Die Unterscheidung von Ost- und Westdeutschland ist aufgrund der unterschiedlichen Stichtage zur Einschulung notwendig. In der früheren DDR wurden die Kinder schulpflichtig, die bis zum 31. Mai das sechste Lebensjahr vollendet hatten. In der Bundesrepublik galt bisher der 30. Juni als einheitlicher Stichtag.

DIW empfiehlt zentrale Einstufungstests


Zwar lassen sich durch den Einschulungsstichtag hervorgerufene Ungerechtigkeiten nicht ganz vermeiden, dennoch lässt sich aus Sicht des DIW die gegenwärtige Praxis der Empfehlung der Grundschule für die weiterführende Schule verbessern. Denn es ist völlig unklar, auf welche Erfahrungswerte sich Grundschullehrerinnen und -lehrer bei ihren Empfehlungen stützen, da die Schulen in der Regel keine Erfolgskontrollen ihrer Prognosen durchführen.

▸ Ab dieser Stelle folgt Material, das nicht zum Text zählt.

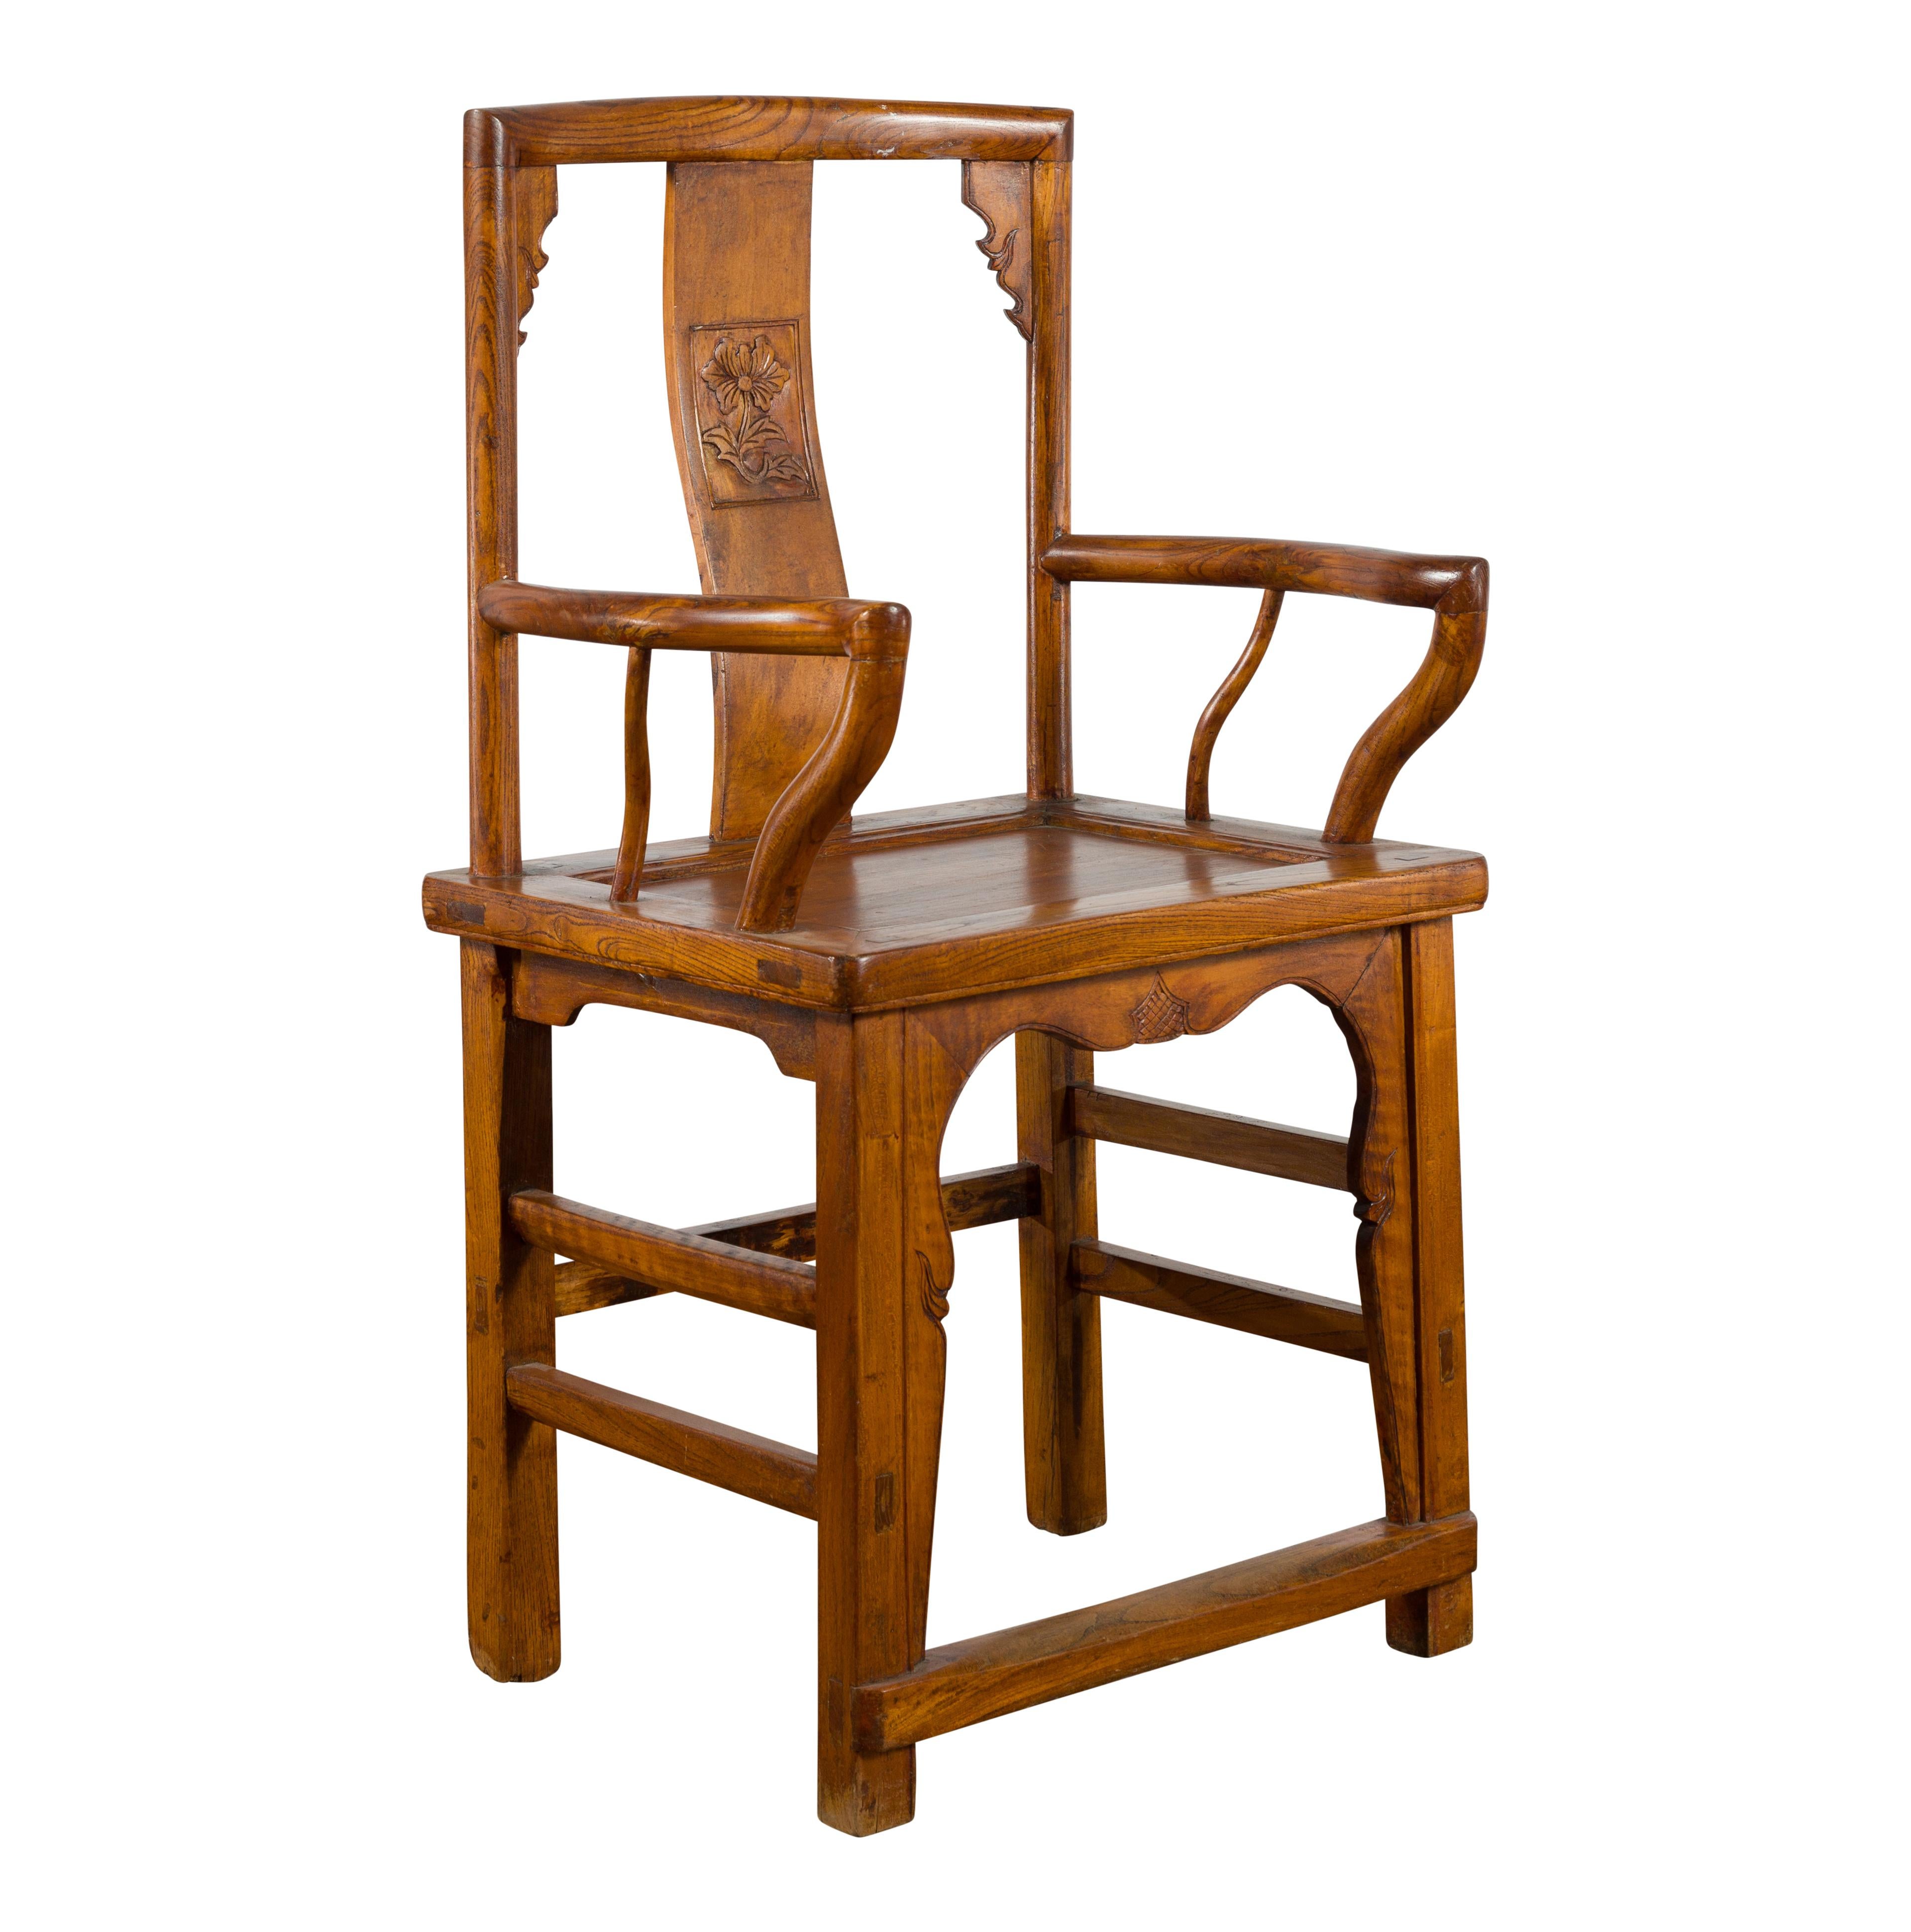 A Chinese Qing Dynasty period wooden armchair from the 19th century, with hand-carved motifs, serpentine open arms and straight legs with stretchers. Created in China during the Qing Dynasty, this chair features an open wooden back, adorned with a

Neben dem Mitspracherecht der Eltern als notwendiges Korrektiv könnten laut DIW zentrale Einstufungstests, die das Leistungsvermögen unabhängig von Alter und sozialer Herkunft prognostizieren, kurzfristig zu einer verbesserten Chancengleichheit führen. Langfristig ist jedoch auch die von vielen Bildungsforschern geforderte zeitliche Verschiebung der Zuordnung der Schüler und Schülerinnen zu den verschiedenen Schultypen in Betracht zu ziehen, da sich altersbedingte Unterschiede in schulischer Leistung und sozialer Reife verringern dürften.
(idw - Deutsches Institut für Wirtschaftsforschung (DIW), 27.04.2006 - DLO)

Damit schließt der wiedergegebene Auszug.